Carson does feature screenplay consultations, TV Pilot Consultations, and logline consultations. Logline consultations go for $25 a piece or 5 for $75. You get a 1-10 rating, a 200-word evaluation, and a rewrite of the logline. I highly recommend not writing a script unless it gets a 7 or above. All logline consultations come with an 8 hour turnaround. If you’re interested in any sort of consultation package, e-mail Carsonreeves1@gmail.com with the subject line: CONSULTATION. Don’t start writing a script or sending a script out blind. Let Scriptshadow help you get it in shape first!
Premise: When a discarded top secret military weapon resurfaces on a research ship, the crew must fight for their lives to survive the bizarre technology.
About: Cary and Chad Hayes have become Hollywood’s go-to A-List Horror writers, scripting both The Conjuring and The Conjuring 2. But that success didn’t come overnight. The brothers wrote in television for a dozen years before getting their first shot at the feature world (2005’s House of Wax) and then went almost an entire decade before they had their first major breakout hit in The Conjuring.
Writers: Cary and Chad Hayes
Details: 104 pages – 2011 draft
I’ve always wondered, how do you make a blob scary? It’s a blob, the goofiest monster ever. It doesn’t even have a personality. It’s a blob.
I like reading these scripts, though, because I’m always curious what writers pitched to win these “no-win” assignments.
For those of you who will be lucky enough to break into this business, you’ll be asked to pitch no-win takes on assignments all the time. You could say that the writers who last the longest in Hollywood are the ones who consistently come up with solid takes on bad ideas.
Remember, it was Charlie Kaufman who, tasked with adapting a book about flowers, came out the other end with Adaptation.
I personally don’t believe it’s possible to write a good Blob movie. But I’m ready to be proven wrong. Let’s see if the Hayes brothers pulled it off.
Shannon Cole is a member of a research team on the high-tech vessel, “Indigo.” Besides researching ocean life, Shannon also likes researching her hot Navy boyfriend, Colin Hawthorn, who she’s constantly trying to sneak Skype sessions with whenever possible. The two discuss how it’s only a matter of time before they can be together, sans ocean in the way.
And then a plane crashes next to the Indigo. And not just any plane, but a military plane. Members of Shannon’s team are able to save the sole survivor, a dude named Steve Walker, but they sense something is off right from the start. Especially when Steve hightails it off the ship. As in, he leaps off and starts swimming away. What in the world would cause a man to swim into an endless ocean as opposed to stay on a ship?
Answers start coming in the form of the NAVY, who radio Indigo to tell them to watch out for this Walker fellow. Oh, and to avoid any gelatinous masses that happen to have snuck on the ship. Oops, too late for that.
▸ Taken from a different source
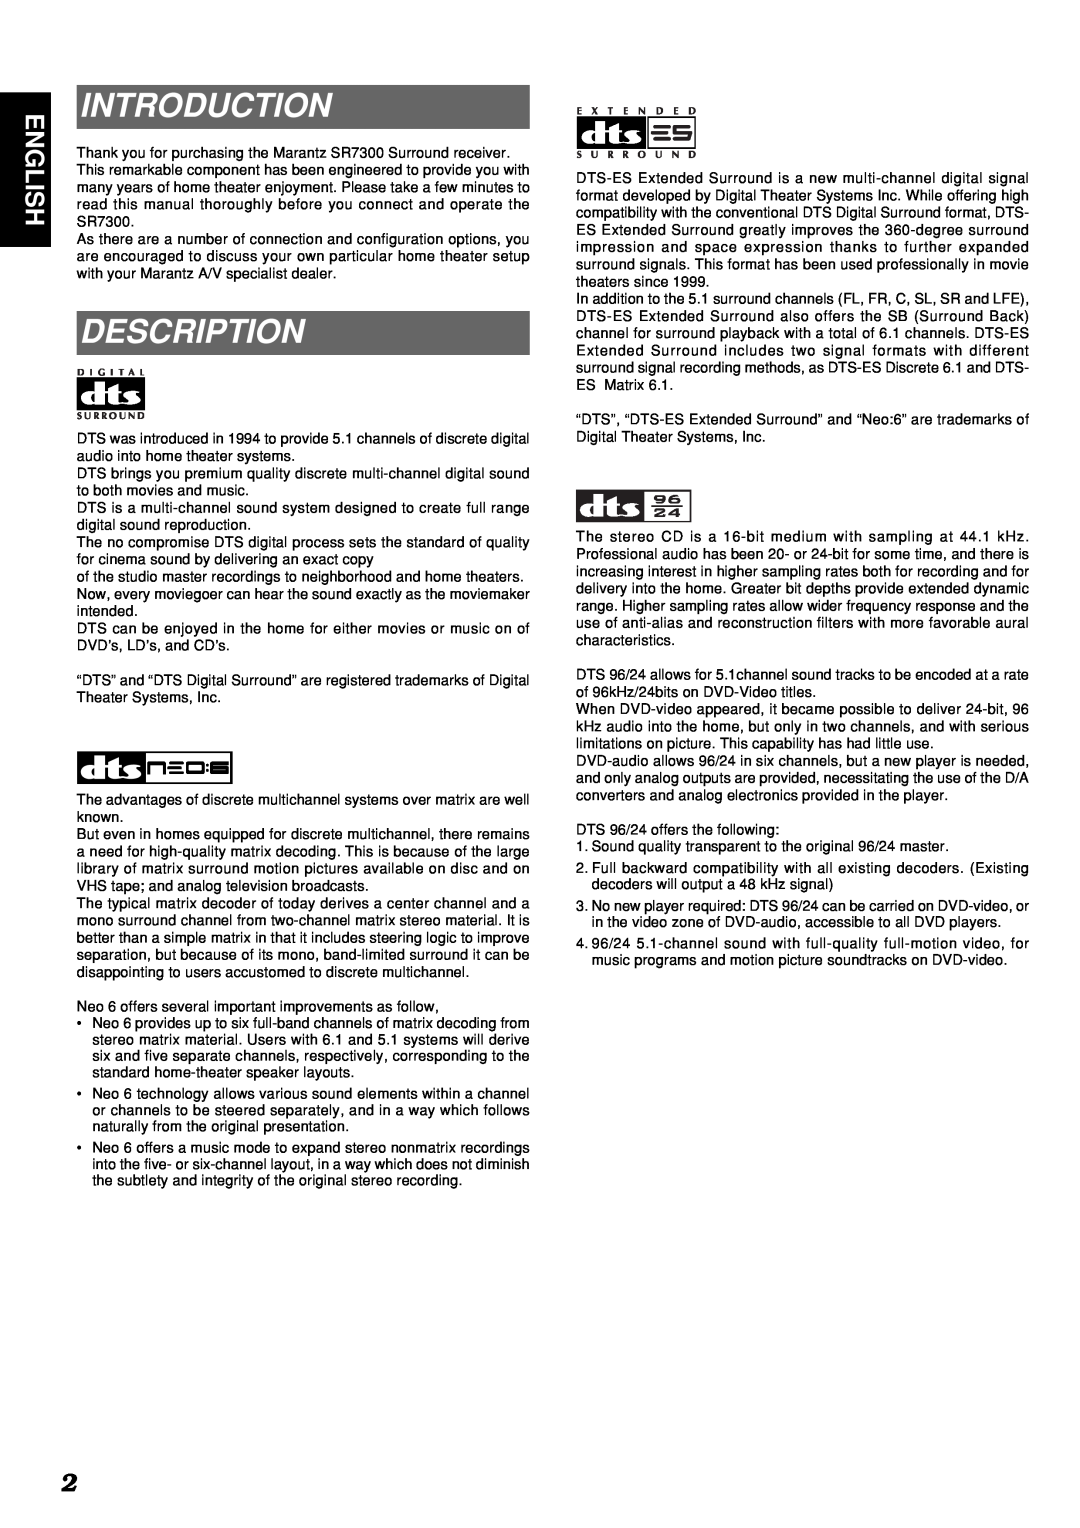 Marantz SR7300 manual Introduction, Description, English

The secret weapon that Walker stole, and which was responsible for the crash, has made its way onto the Indigo.
Once Shannon and her crew spot this thing, they begin attacking it. But it’s pointless. There’s no way to actually destroy gelatin. It just eats up their bullets, their weapons, and eventually, their bodies.
Shannon calls for help from her nearby NAVY boyfriend, but he tells her this call is above his pay grade. The military is so terrified of this blob weapon that they’re going to let it do its damage and, hopefully, disappear forever afterwards. That means Shannon and her crew will have to figure out how to defeat this thing on their own. A task they’re realizing may be impossible.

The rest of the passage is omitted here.